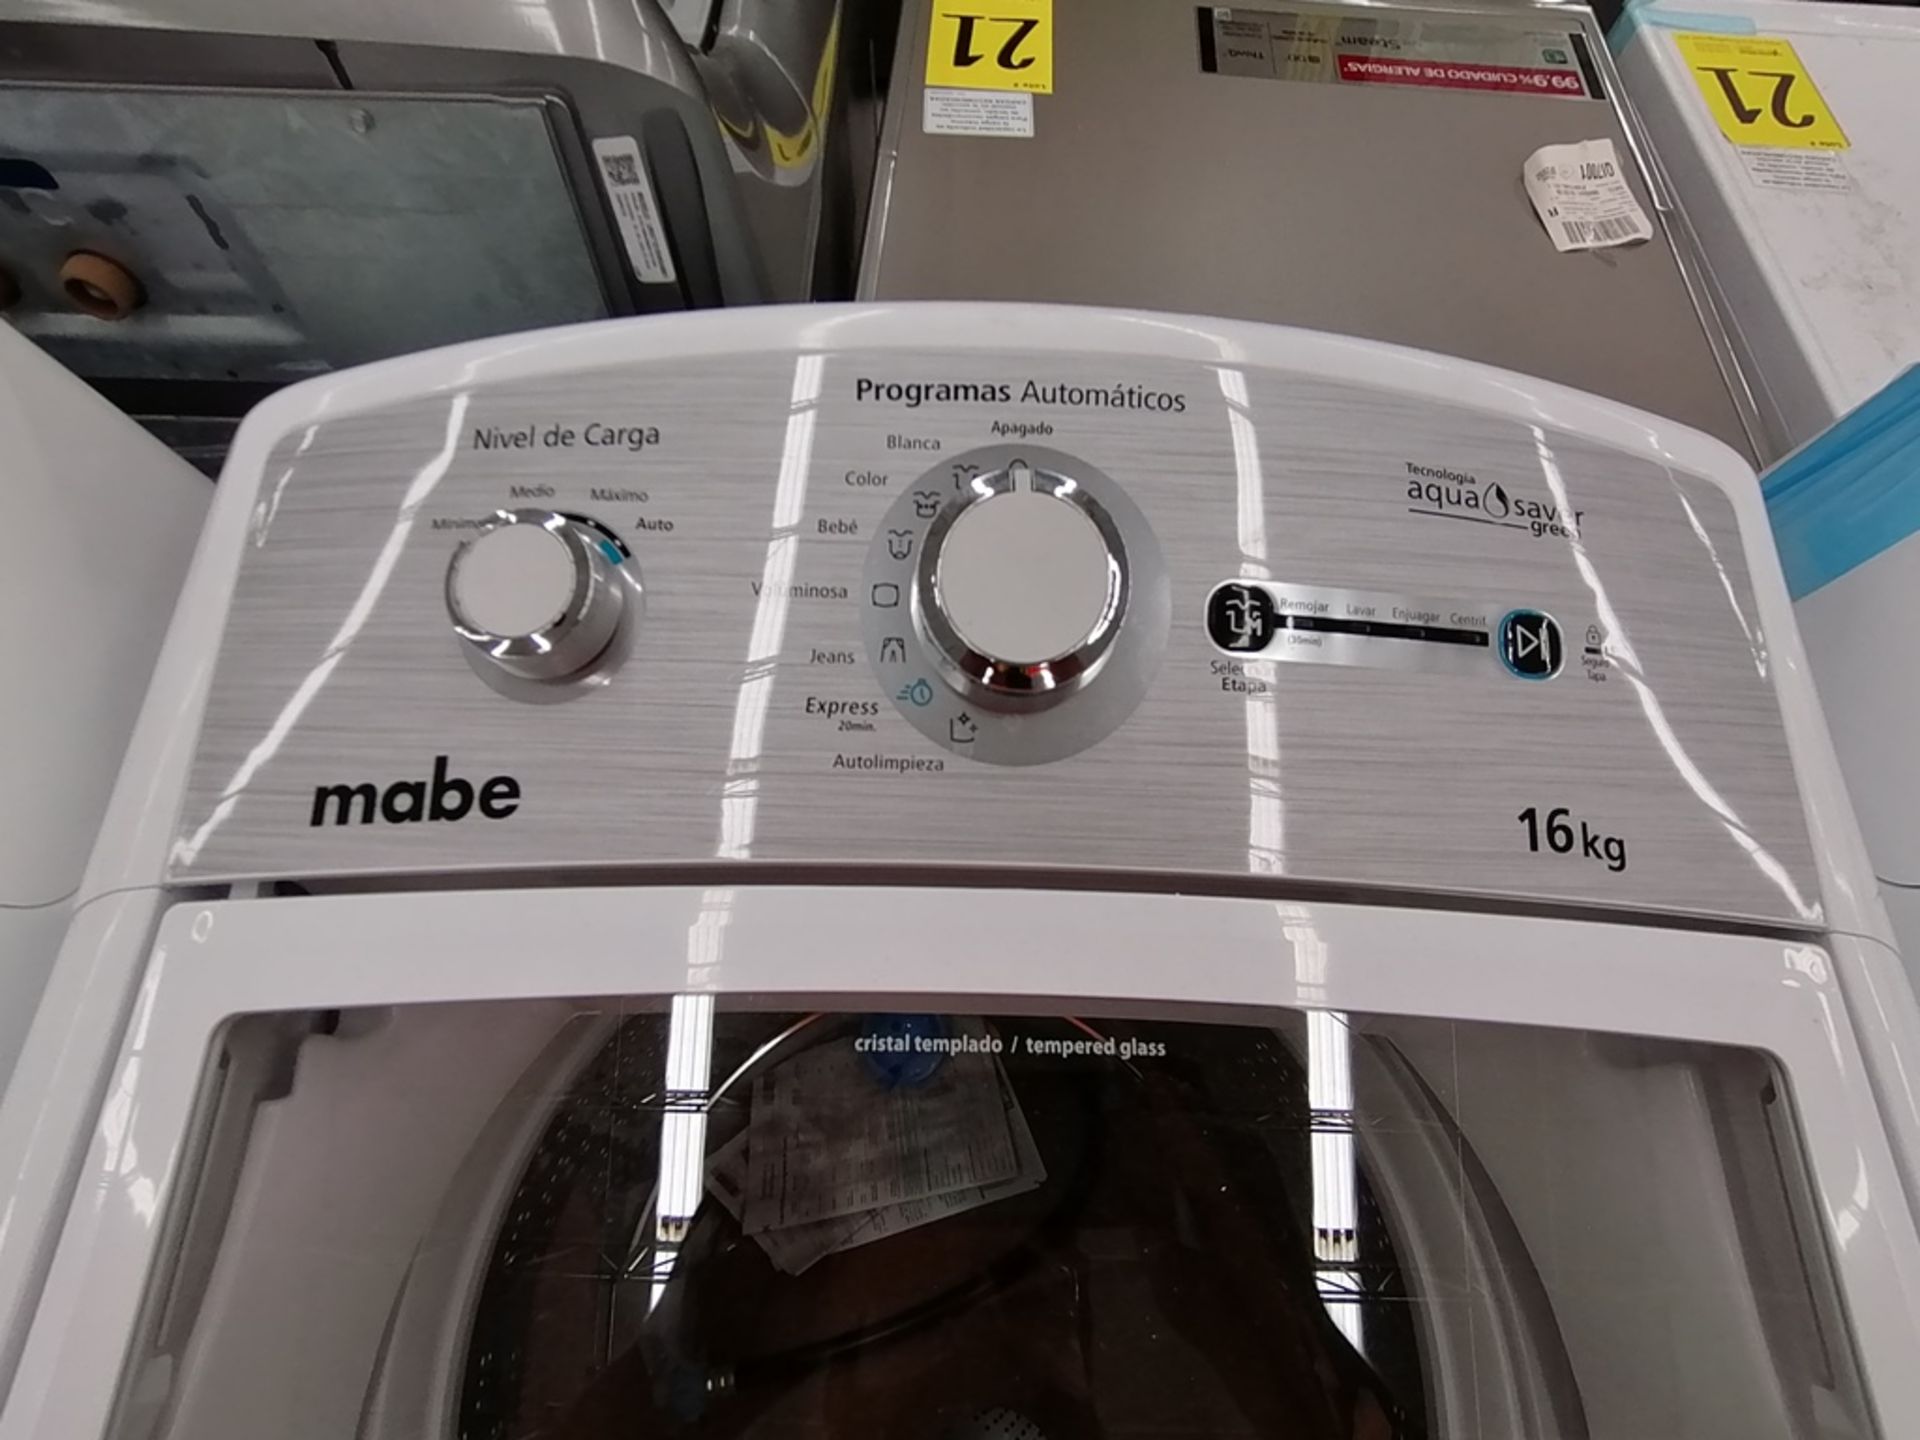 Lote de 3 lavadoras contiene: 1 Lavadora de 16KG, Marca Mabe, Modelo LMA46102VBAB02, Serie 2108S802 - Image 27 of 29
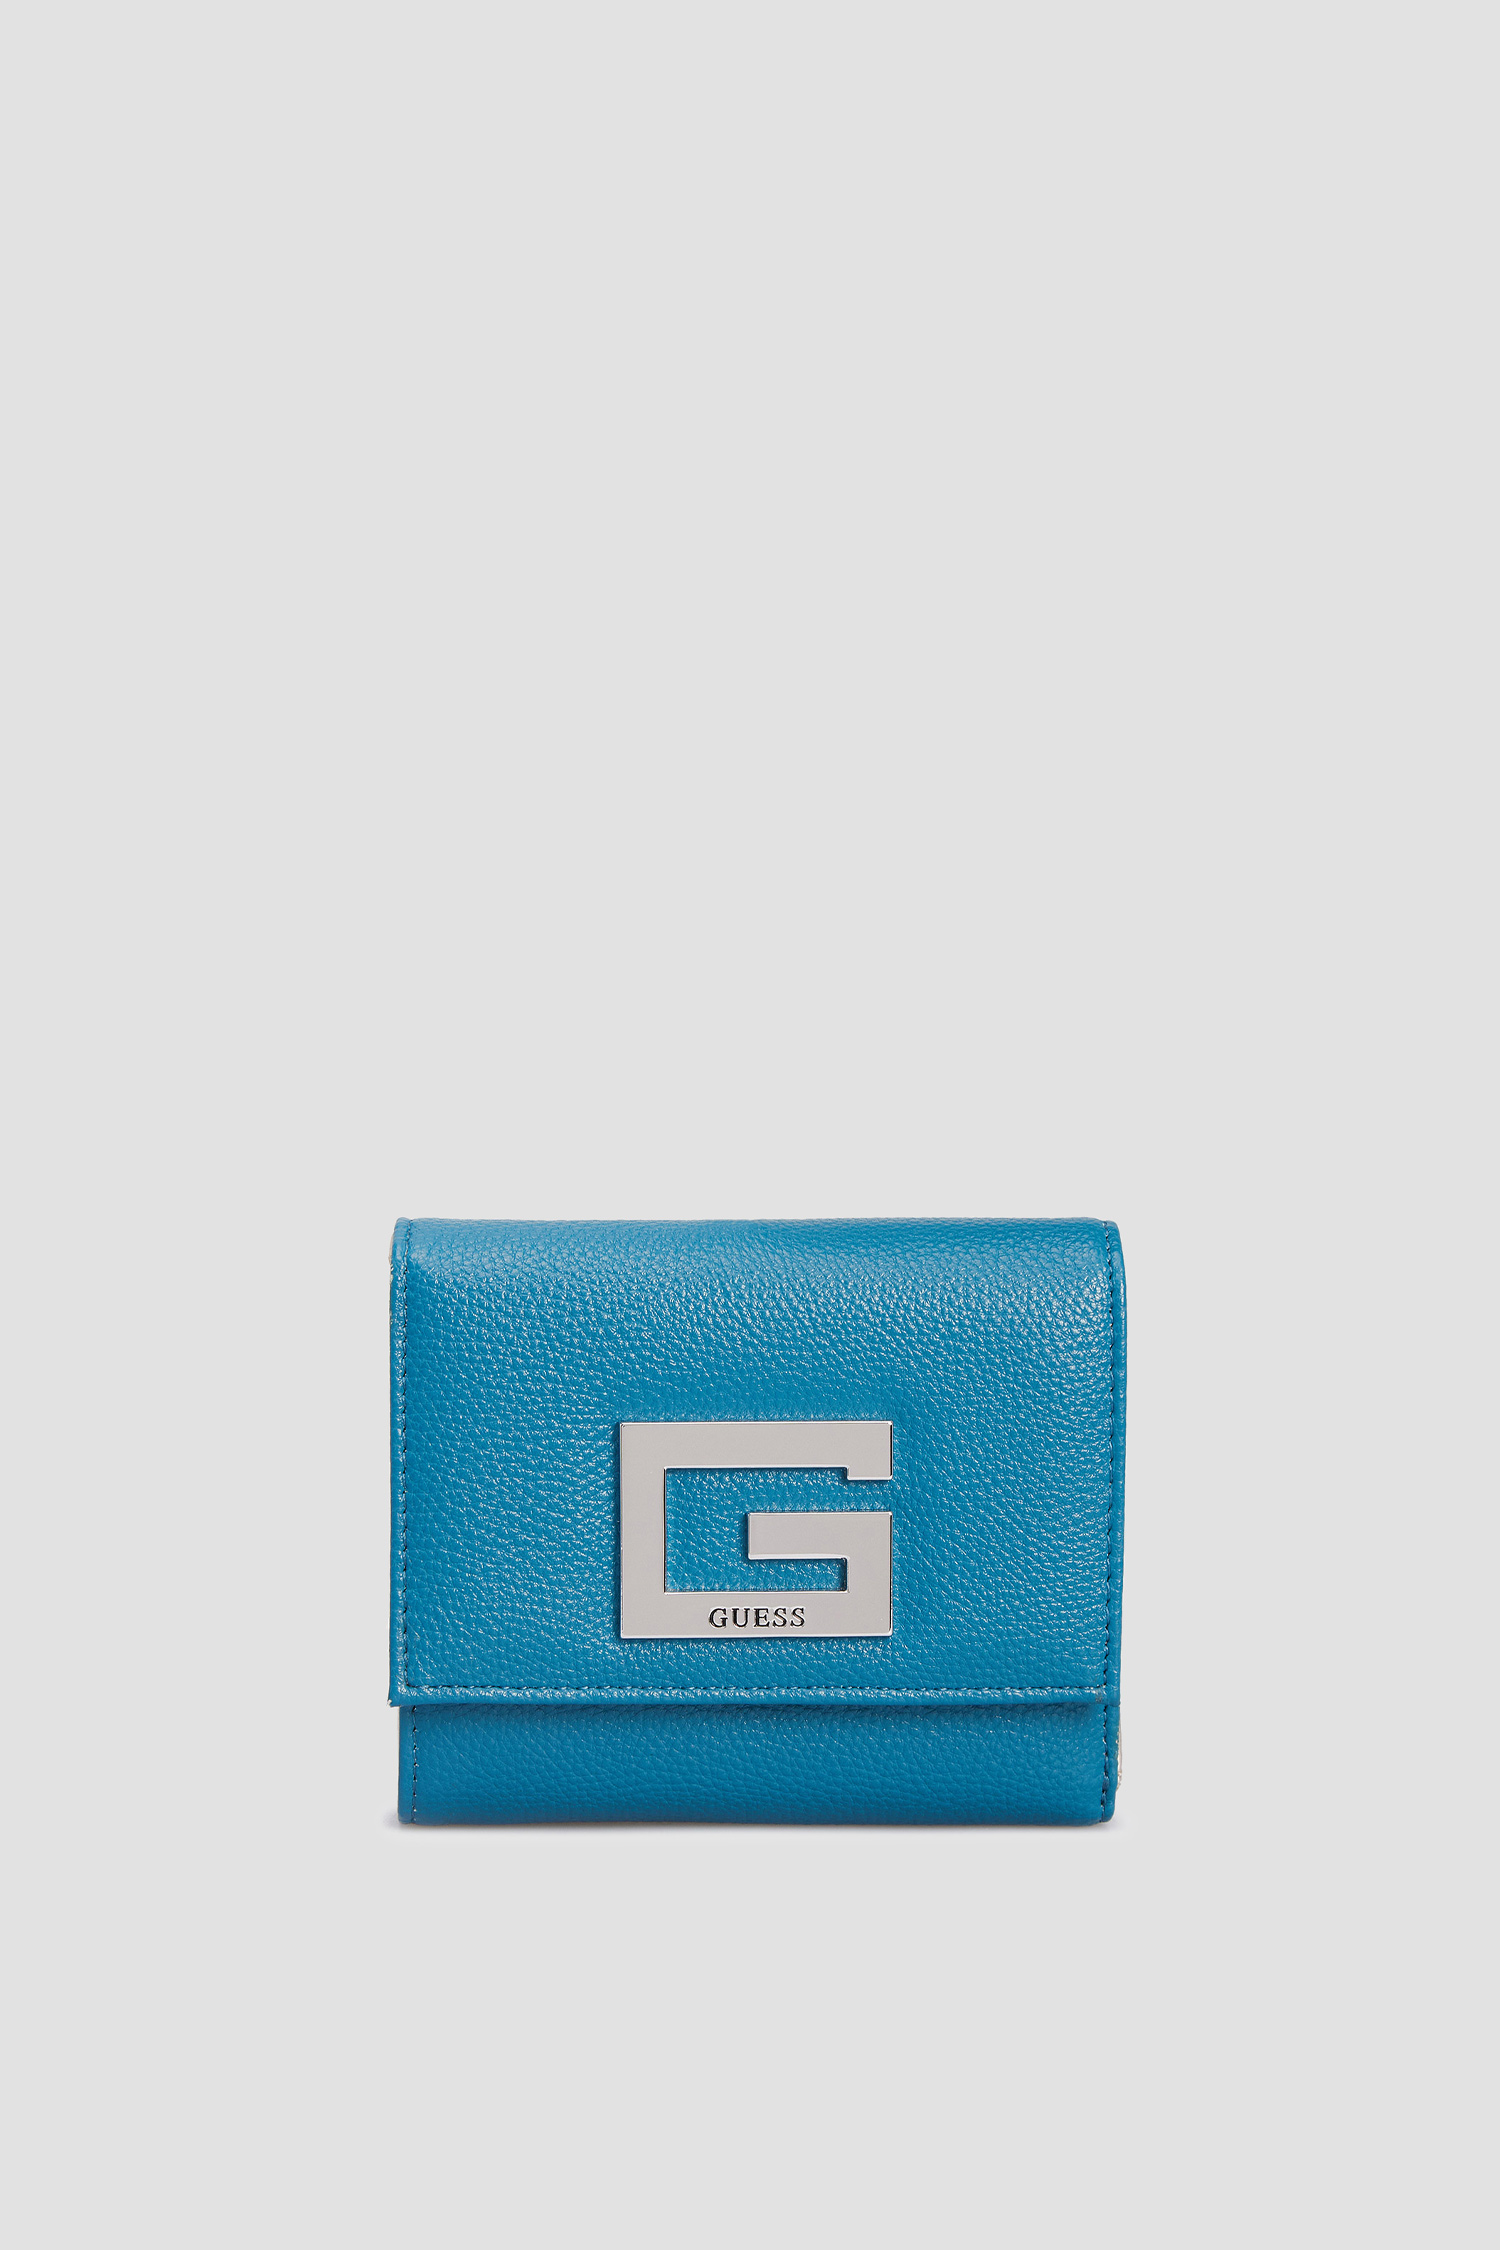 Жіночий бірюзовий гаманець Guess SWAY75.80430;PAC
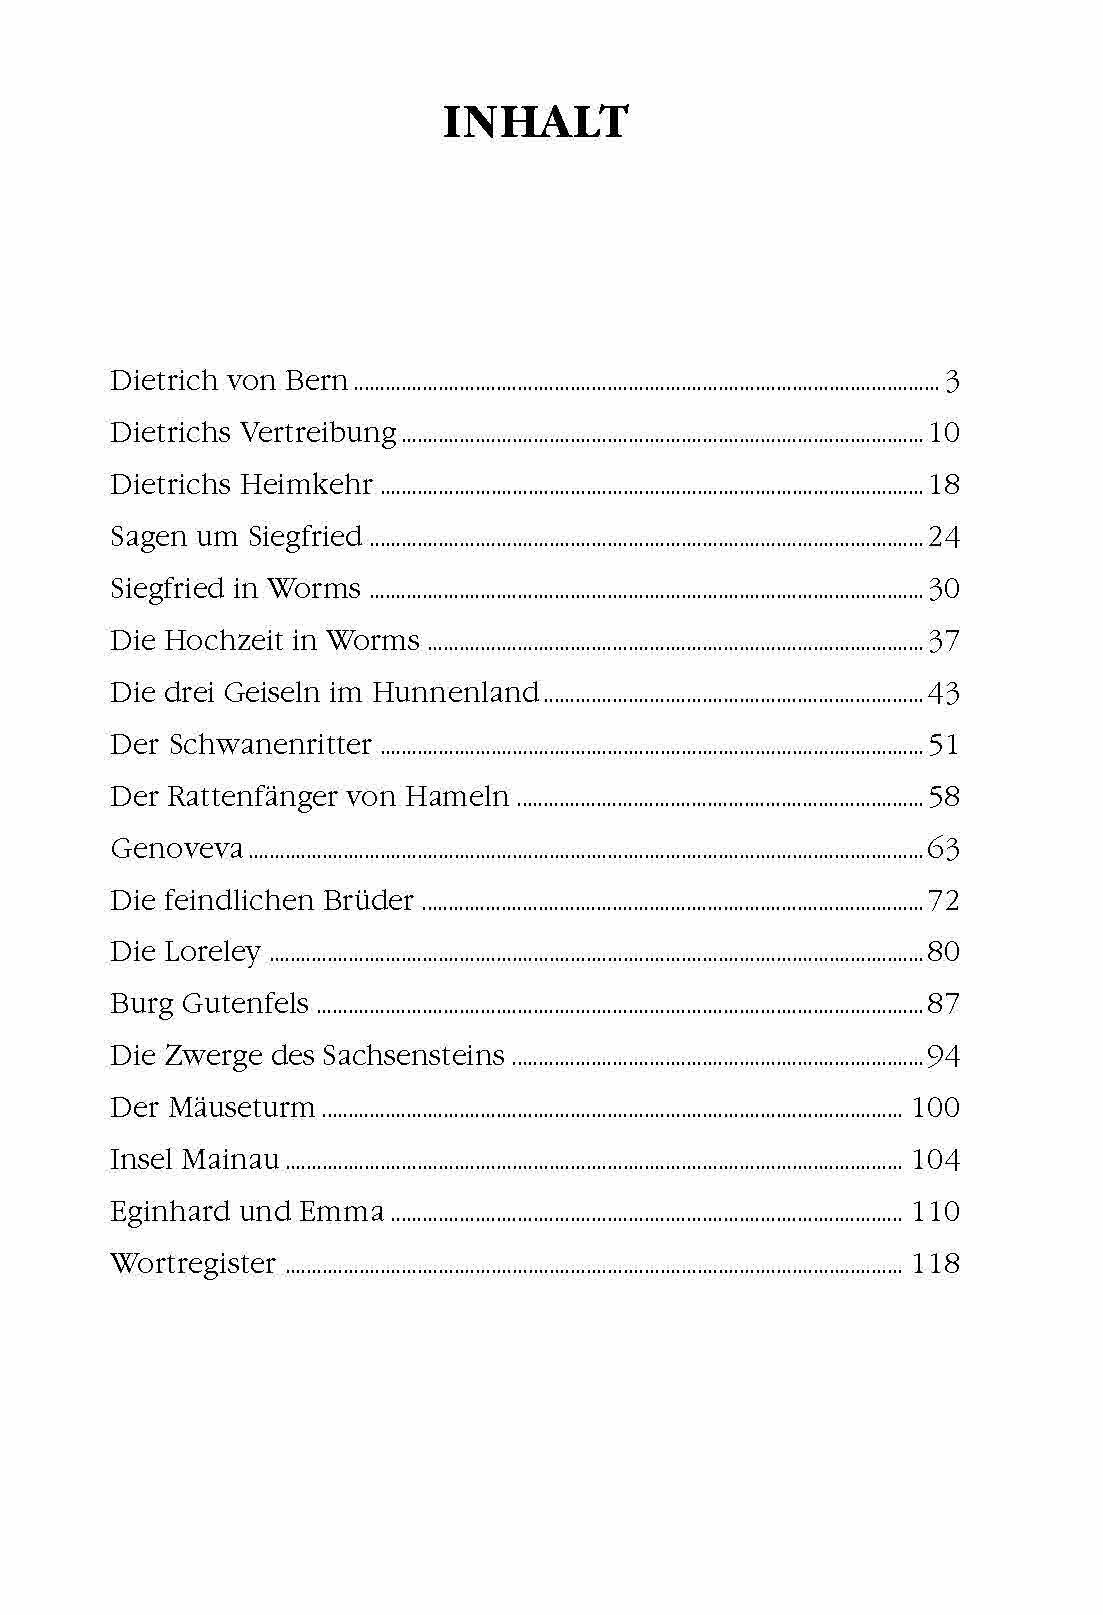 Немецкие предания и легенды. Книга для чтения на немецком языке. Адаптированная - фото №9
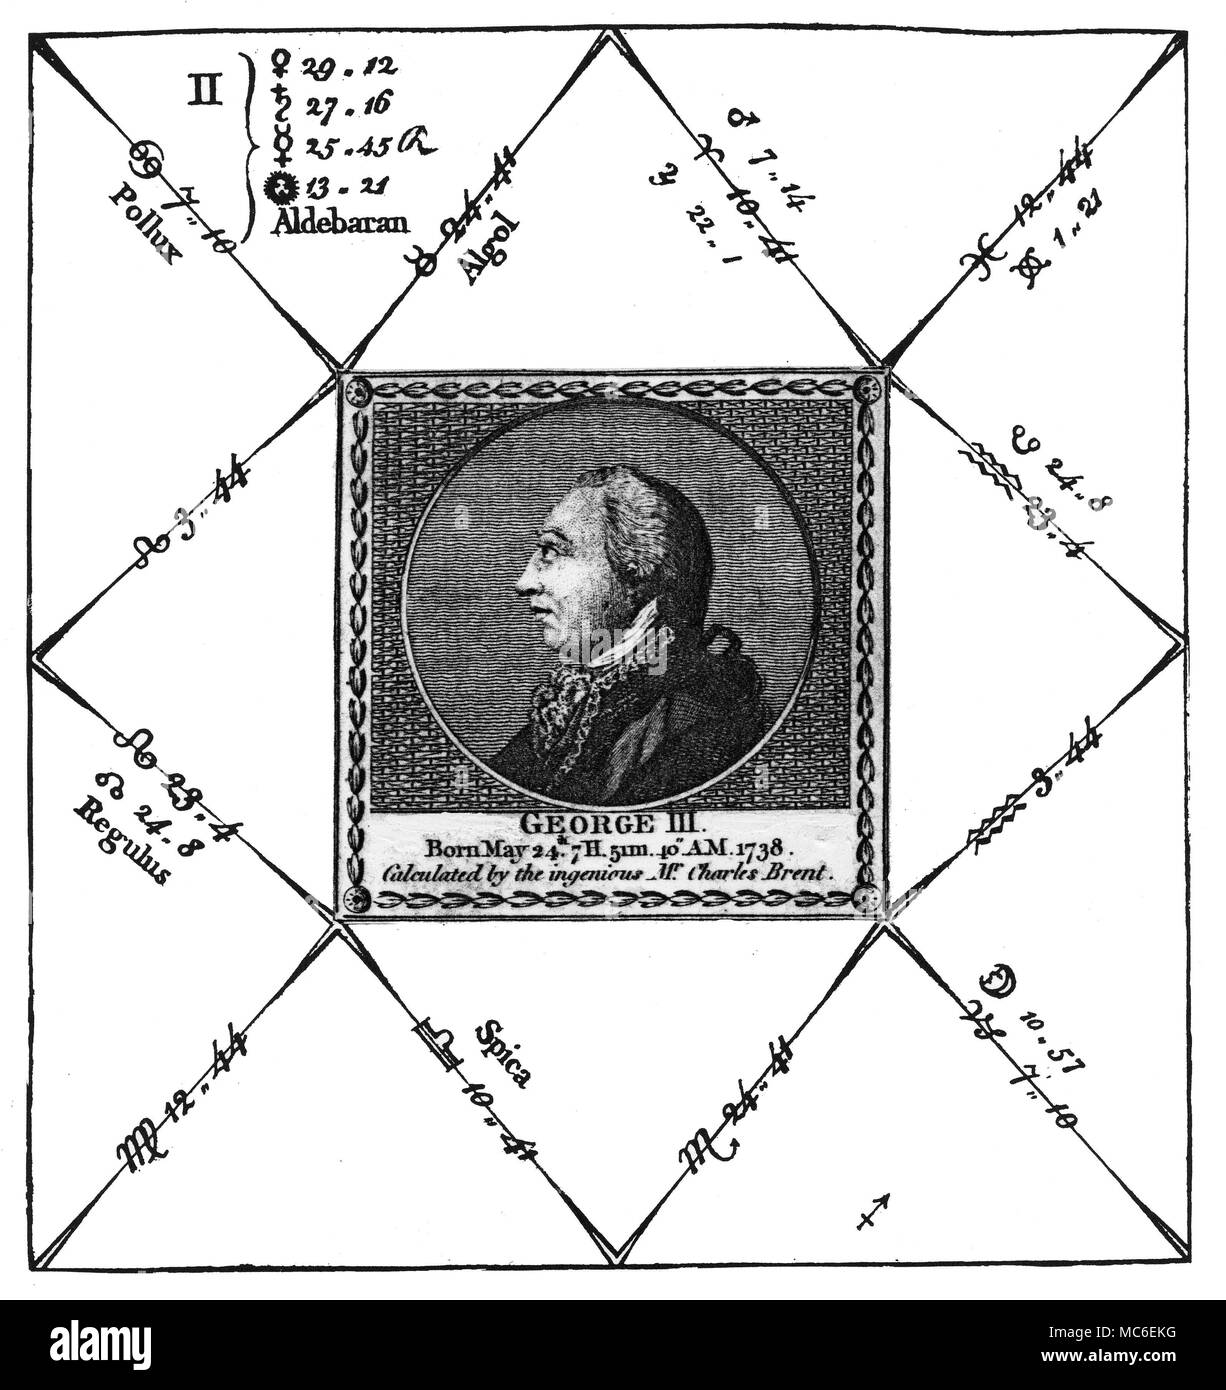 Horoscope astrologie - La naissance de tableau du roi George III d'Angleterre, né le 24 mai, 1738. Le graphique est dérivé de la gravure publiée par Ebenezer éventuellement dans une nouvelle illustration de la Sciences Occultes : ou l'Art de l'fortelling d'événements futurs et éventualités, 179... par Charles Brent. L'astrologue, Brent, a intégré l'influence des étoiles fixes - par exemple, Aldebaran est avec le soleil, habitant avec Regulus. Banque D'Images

**TASK PROMPT**.
The answer should contain only the lines from the beginning of the material above through the line with "Немецкие предания и", retyped exactly, with the pictures removed.

**OUTPUT FOR THIS EXERCISE**.
 Lote de 3 lavadoras contiene: 1 Lavadora de 16KG, Marca Mabe, Modelo LMA46102VBAB02, Serie 2108S802 - Image 27 of 29
 Жіночий бірюзовий гаманець Guess SWAY75.80430;PAC
 Немецкие предания и легенды. Книга для чтения на немецком языке. Адаптированная - фото №9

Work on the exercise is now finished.